Many banks in Greece, Portugal and Ireland remain totally shut out of market funding and some Spanish and Italian lenders are also dependent on ECB funds. The European Commission meanwhile urged euro zone leaders to consider increasing the size of their financial rescue fund to prevent the bloc''s sovereign debt crisis from continuing to spread like wildfire.

"I... urge a rapid re-assessment of all elements related to the EFSF, and concomitantly the ESM, in order to ensure that they are equipped with the means for dealing with contagious risk," Commission President Jose Manuel Barroso said in letter to EU leaders.

EU paymaster Germany rebuffed the call in a swift response. A finance ministry spokesman said it was unclear how re-opening the debate about financial backstops so soon after last month''s emergency summit could help calm markets.

The European Financial Stability Facility, which has bailed out Ireland and Portugal and will run a planned second package for Greece, has a maximum capacity of 440 billion euros. It will be replaced in 2013 by a 500 billion euro permanent European Stability Mechanism.

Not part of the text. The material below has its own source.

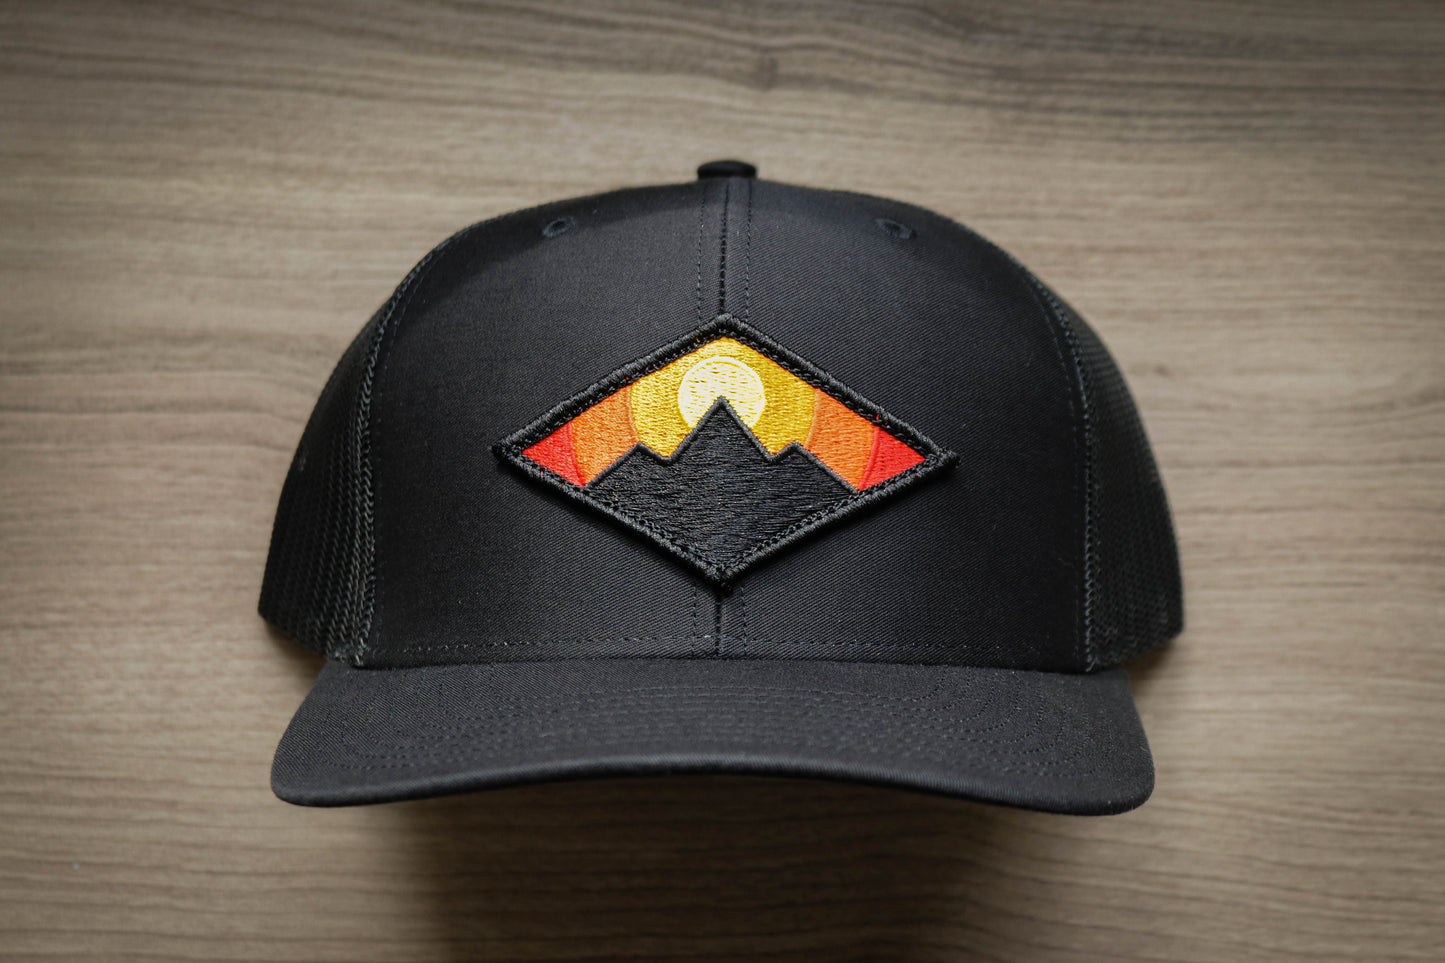 mountain trucker hat

The 17 euro zone leaders left the size unchanged when they agreed on July 21 to widen the funds'' role to buying bonds in the secondary market and providing precautionary credit lines to states under pressure on credit markets.

Market analysts and economists say the EFSF would need to be at least doubled and perhaps trebled to pre-empt attacks on larger economies such as Italy and Spain.

Italian and Spanish bond yields fell from 14-year highs as markets anticipated possible ECB action. Spain sold 3.3 billion euros ($3.14 billion) in short-term bonds but had to pay a sharply higher borrowing cost.